A movement born from the underground, Corrupted Era is more than just a streetwear brand. Frustrated by how restrictive social norms inevitably bleed into fashion, founder Philippe Kaninda started designing pieces for himself that better reflected how he wanted to be seen in the world. It wasn’t long before “others who didn’t quite fit the mold” started noticing. Now, as a full-fledged designer, Kaninda’s mission is simple: disrupt the status quo and create collections that “let everyone express themselves however they want.” With exciting new releases on the horizon and a series of immersive events that go beyond your typical fashion show, Kaninda’s motivation remains unchanged. “It’s amazing to see people rock our pieces and make them a part of their identity.
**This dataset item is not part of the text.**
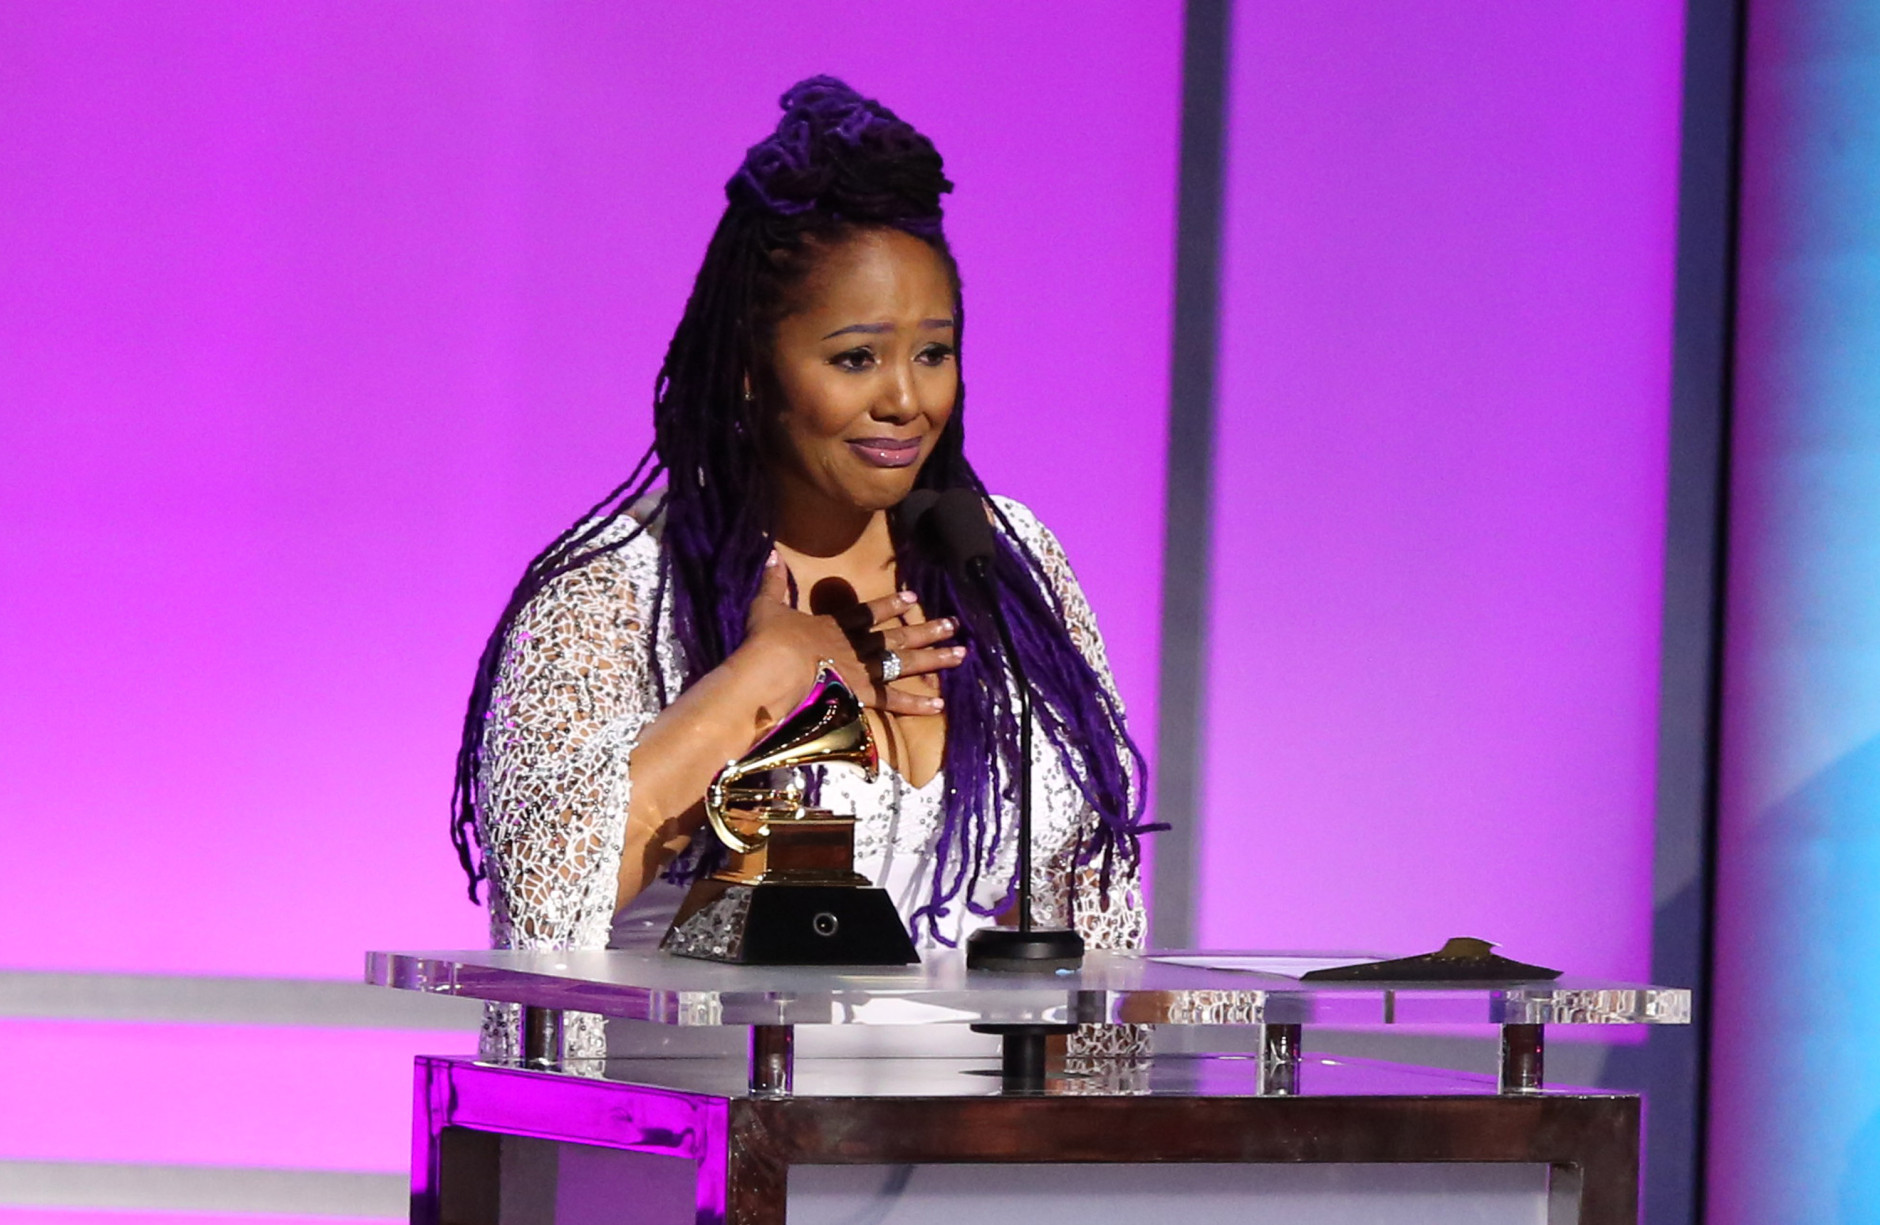 Lalah Hathaway accepts the award for best traditional R&amp;B performance for Little Ghetto Boy at the 58th annual Grammy Awards on Monday, Feb. 15, 2016, in Los Angeles. (Photo by Matt Sayles/Invision/AP)

That’s what makes it all worth it," he tells us.

 

What’s inspiring you right now?  

 

Right now, I’m inspired by New York movies, especially by Spike Lee. The settings and  their vibrant little details give me a lot of ideas. 

 

Where might we find you on a Sunday afternoon?  

 

On a Sunday afternoon, you might find me mixing house or hip-hop at home or watching  an anime (probably One Piece)

 

Do you have any rituals?  

 

Not really, I like changing my environment because it helps me think more clearly and  come up with better ideas. 

 

What is your favorite place in Paris to be alone?  

 

I don’t really have a favorite spot in Paris yet — I haven’t unlocked that feature... But I do like hanging around the 3rd arrondissement. There are a lot of chill spots there.

 

What was the last dream you had?  

 

My last dream? I was the leader of a cartel in the favelas of Rio. It was a really strange  dream, but honestly, pretty awesome. 

 

If you could interact with one person from the past, who would it be?  

 

If I could meet someone from the past, it would be a visionary like Virgil Abloh. I’d love to understand his creative process and what inspired his groundbreaking work. 

 

Who have you been most proud to see wear a piece from your brand?  

 

I was most proud to see Jules Koundé wearing a piece from my brand. He is an icon of  fashion and actually went out of his way to buy it from my site himself. That meant a lot. 

 

What is one of your favorite patterns at the moment?  

 

The Nigo sweater (tapestry) because it's thanks to it that I am where I am. This sweater has  given the brand great visibility.